In hindsight, this seems kinda obvious as the alphabets with the highest frequency are 'e', 't', and 'a', followed by 'o' and 'i'. However, it was surprising to see how important 'r' (9th most popular) seemed to be in the simulation. There were only two four-letter words in Top-100 and both had 'r' in them - rent and tern. I ran this again, and the results seemed more or less similar.

This got me thinking - what would happen if all the alphabets have an equal probability? So I ran the same experiment with an equal probability distribution. Only this time, the experiment got repeated with four thousand different starting grids! Here are the results -

Most common words:
[('ltd', 108), ('ult', 104), ('jut', 103), ('icy', 103), ('tab', 103), ('bat', 103), ('fut', 102), ('flt', 100), ('fro', 99), ('for', 99)]
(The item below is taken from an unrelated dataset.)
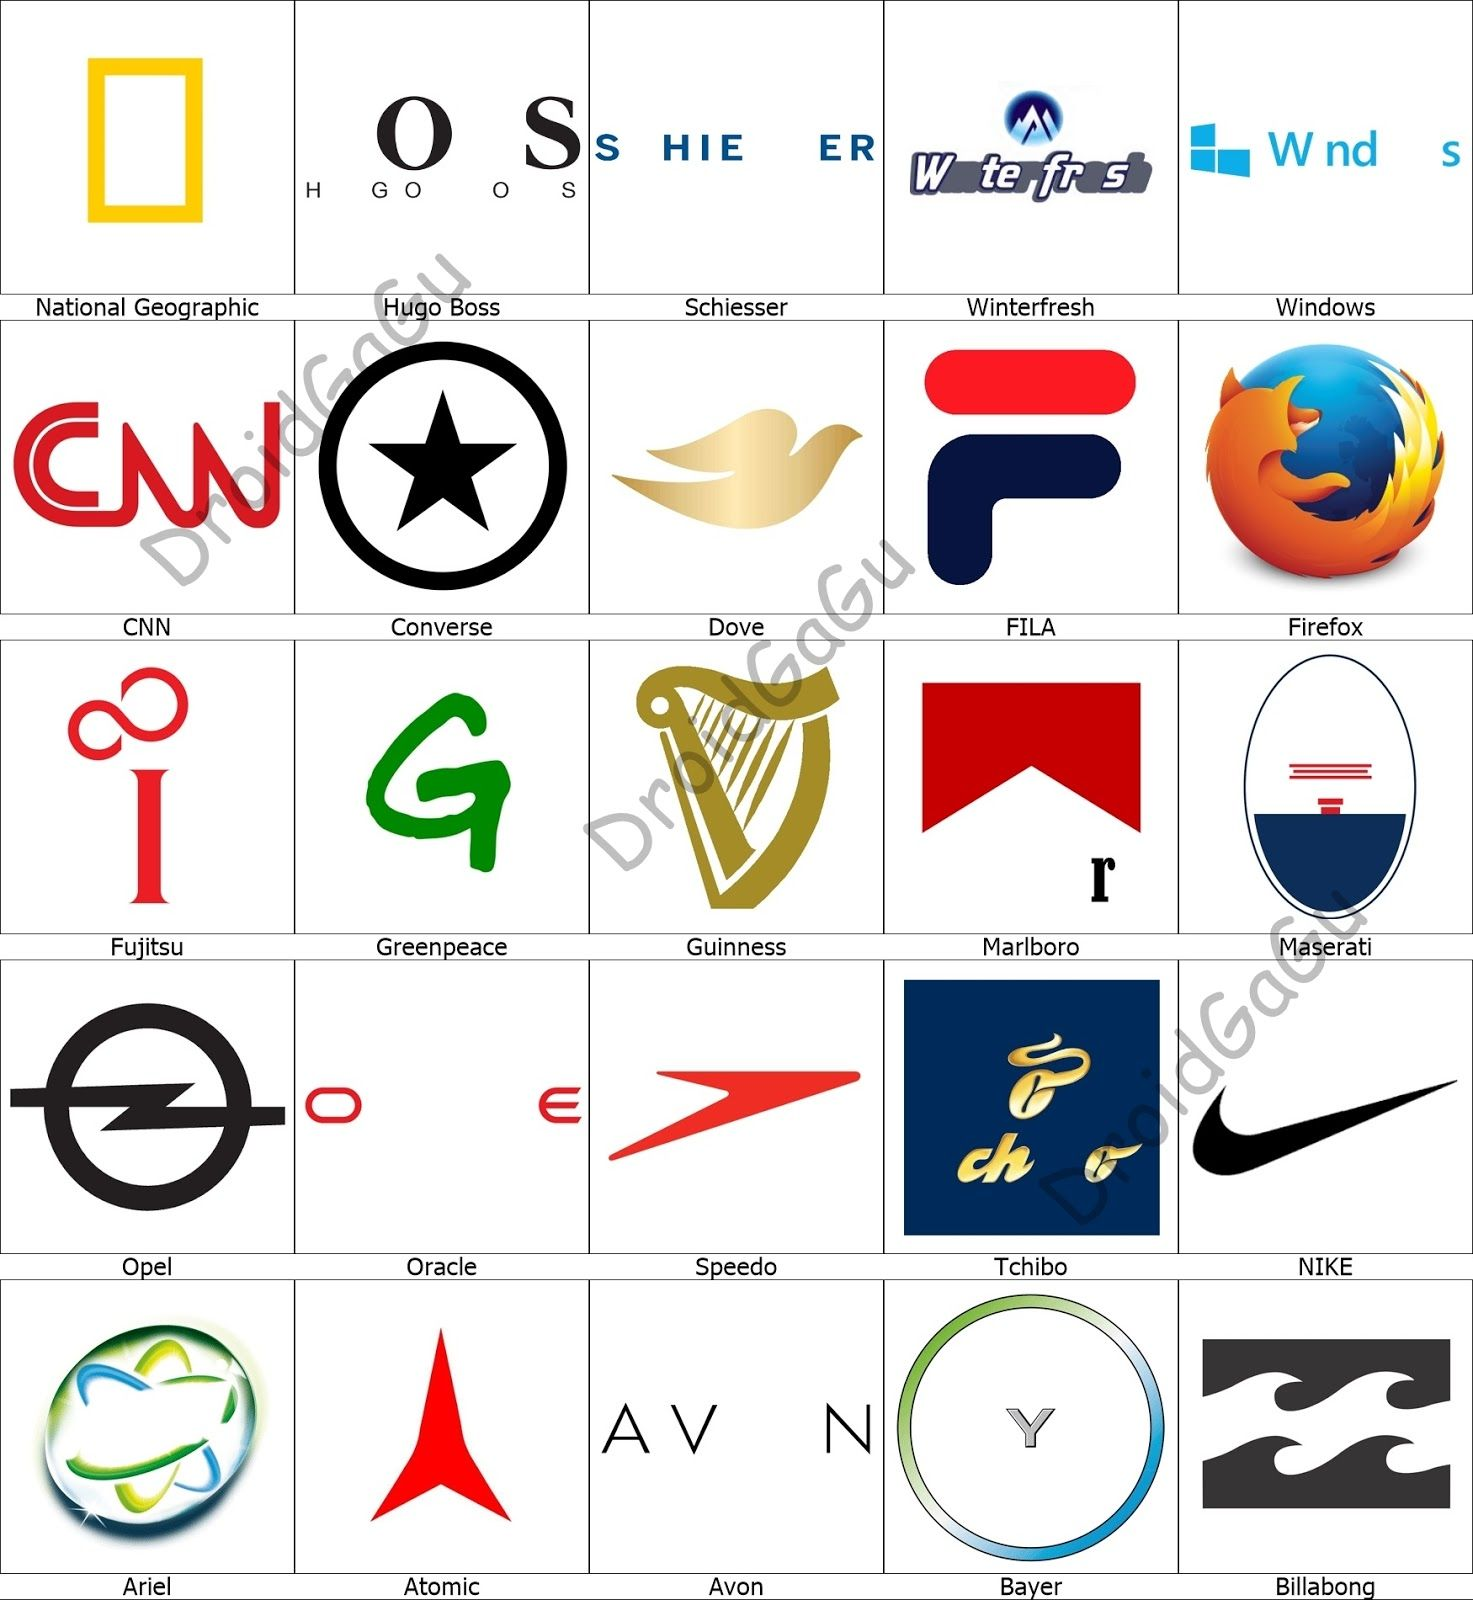 Logo Quiz Level 1 juicy9fj Pinterest Logos and Quizes

Most common four-letter words:
[('iron', 30), ('ship', 30), ('phis', 30), ('hips', 30), ('bets', 30), ('best', 30), ('pawn', 30), ('tube', 29), ('glut', 29), ('cult', 29)]

Most common five-letter words:
[('bahts', 10), ('baths', 10), ('donas', 9), ('wafer', 9), ('gaits', 9), ('nitro', 8), ('intro', 8), ('prawn', 8), ('bytes', 8), ('chats', 8)]

Most common six-letter words:
[('ovular', 4), ('ration', 3), ('shadow', 3), ('thrive', 3), ('josher', 3), ('thorns', 3), ('bracts', 3), ('beauty', 3), ('prefab', 3), ('ticker', 3)]

Now, in all honesty, none of these seem to mean anything significant - it all seems quite chaotic. The results could have easily been different with a different random function (I was using Python's in-built module). I am curious about how the results would look on a different architecture with say ten thousand different starting grids! Having more than four iterations of Game of Life seems to blow up the search space.

I guess, for now, you could say that my machine has decided that its words of life are - ltd, iron, bahts, and ovular. What a sequence! I am open-sourcing the script used to conduct the above experiment. I would love to know your thoughts on this. Happy exploring!